И почему бы, сказал мой собеседник, не взять лицо сына для памятника отцу – ведь какое-то сходство было?
– Великолепно, – перебил Биланкин и, как я понимаю, приготовился просить разрешения использовать эту идею в печати.
– Но тут возникло неожиданное соображение, – задумчиво продолжала я. – Вы слышали такое имя – Розеллс, Мартина Розеллс? Та португалка, с сиамской кровью, которая привела сюда корабли Лайта, принадлежавшие, кстати, калькуттскому торговому дому Журдена Салливэна и, извините, де Соза? У них с Лайтом было четверо детей, включая Уильяма, и неподалеку отсюда сохранился переулок – Мартина-лэйн, домиков в шесть.
Биланкин молчал. И я закончила:
– Так вот, если когда-нибудь здесь будет памятник Лайту, то многие, многие люди будут искать в нем черты Мартины Розеллс. Напишите об этом при случае, господин Биланкин.
Главный редактор поднялся, держа мокрую гранку на руке, как официант салфетку. Моргнул несколько раз, глядя на меня сверху:
– Де Соза. А не де Суза (тут я приготовилась ощериться). Ну, конечно. Простите меня, госпожа де Соза, мне следовало бы вас узнать – это вы главный администратор замечательного кабаре, вечер в котором мне пришлось вчера прервать так неожиданно. Благодарю за приглашение. Это преступление мне все испортило. Но каково же было мое удивление, когда мне сказали, что мои репортеры знали заранее какие-то подробности этого убийства, более того – знали от вас. Это правда? Какое отношение вы имеете к этой истории?
Вот тут я задумалась: а какое, на самом-то деле, я имею отношение к этой истории? Скорее, это она как-то упорно старается иметь отношение ко мне.
В общем, не то чтобы я прямо тогда, в редакции, предугадала, сколько раз еще мне будут задавать этот и другие неприятные вопросы. Но, видимо, что-то почувствовала. И ответила с чарующей улыбкой:
– Не большее, чем вы. Вы сидели тогда за столиком со Стайном и Джошуа, вот и я за пару дней до этого тоже имела приятный разговор с джентльменом из полиции. И решила принести пользу моему старому другу в вашей газете. И только.
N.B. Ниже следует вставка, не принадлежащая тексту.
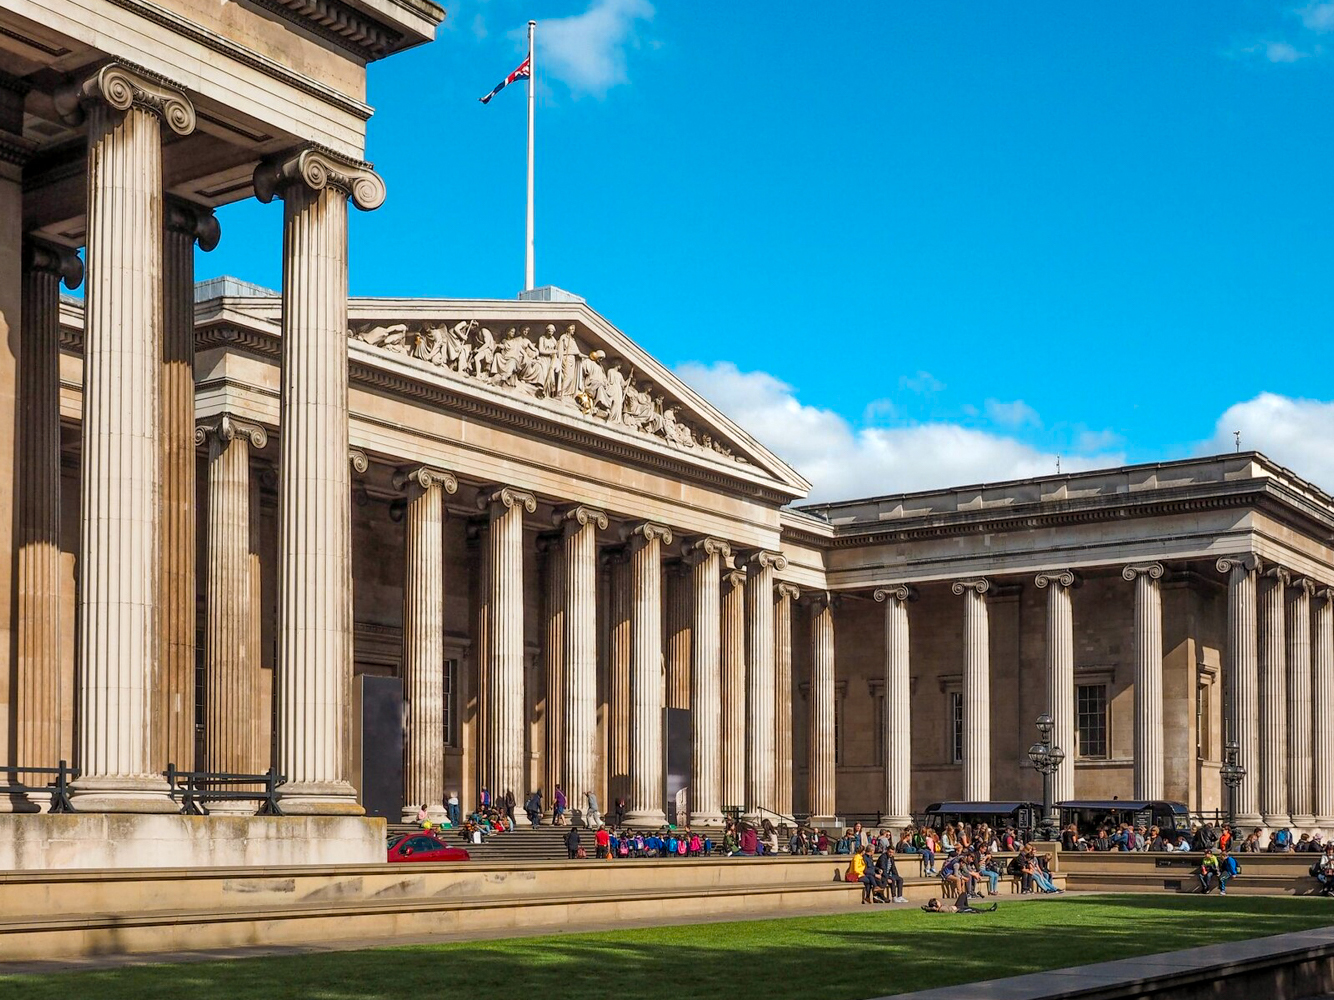 Must-see attractions in UK - The British Museum

– Да-да-да, – задумчиво сказал Биланкин и повторил: – Розеллс, Мартина Розеллс. Чем больше тут работаешь, тем больше понимаешь, что ничего простого в этих краях нет и не будет. Первым уроком для меня было, когда я назвал – просто назвал – имя Ганди в одной из первых своих передовых. И получил от местных индийцев шесть дюжин писем, в которых говорилось, что мне еще многое предстоит узнать в жизни, прежде чем получить моральное право хотя бы упоминать светлое имя Махатмы или, скажем, мыть его ноги. Заметьте, это я еще не критиковал его, а просто написал «Ганди»… Я вас покину, извините.
И с гранкой на руке он двинулся обратно в кабинет. А я, с грузом книг и журналов – обратно на раскаленную улицу, в многоголовую толпу.
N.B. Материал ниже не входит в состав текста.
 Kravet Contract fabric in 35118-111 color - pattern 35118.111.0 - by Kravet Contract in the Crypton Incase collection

… И только когда стемнело и птица куай закончила в моем саду свою вечернюю серенаду (куай, куай, куай – все выше тоном), торжествующая Мартина доложила: телефон, сеньора.
– Элистер, даже не думайте, что я настолько глупа, чтобы на вас сердиться. Я все знаю. Кроме одного: вы собираете чемодан?
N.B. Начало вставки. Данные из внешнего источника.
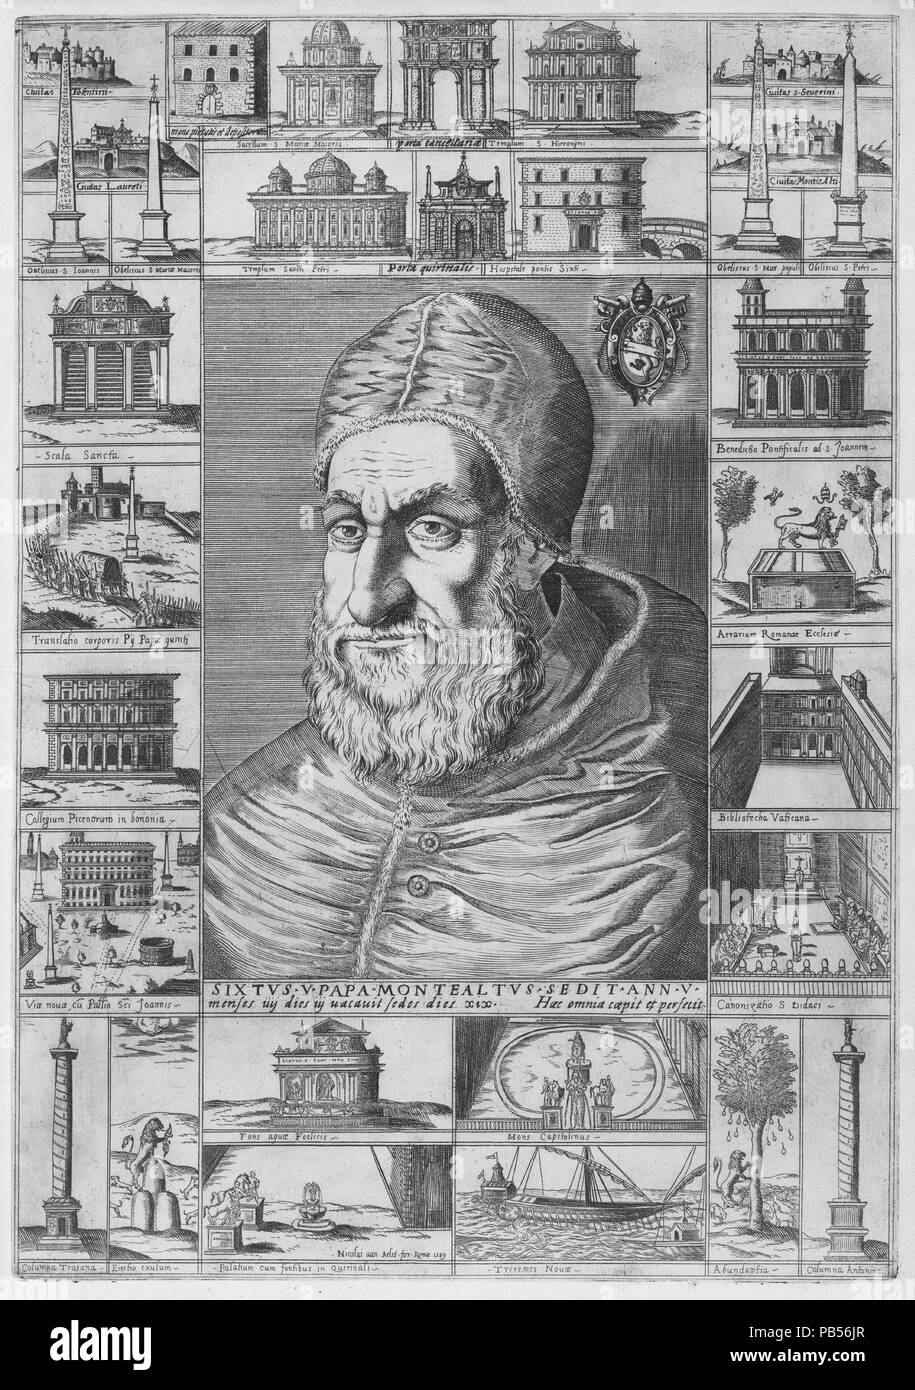 Portrait of Sixtus V. Dimensions: plate: 20 1/16 x 14 in. (50.9 x 35.5 cm)  sheet: 21 3/16 x 16 5/16 in. (53.8 x 41.5 cm). Publisher: Published by Nicolaus van Aelst (Flemish, Brussels 1526-1613 Rome). Sitter: Portrait of Pope Sixtus V (Felice Peretti) (Italian, Grottamare near Pescara 1520-1590 Rome). Date: ca. 1589. Museum: Metropolitan Museum of Art, New York, USA. Stock Photo

Пауза, в течение которой я смотрела во тьму сада.
– Послезавтра, на «Таламбе», – ответил он наконец, и я совершенно не удивилась. – Нас держали на цыпочках весь прошлый вечер и весь сегодняшний день, хотя разговаривать с нами было не о чем. Полный хаос, по коридорам топают озверевшие инспекторы… А в итоге – домой. Жаль. Очень жаль.
– Вы вчера назвали меня птицей, Элистер…
– Исключительно в знак уважения и симпатии…
– Так вот, позвольте проявить птичье любопытство и спросить – факт убийства господина Уайтмена палочками для еды установлен уже официально?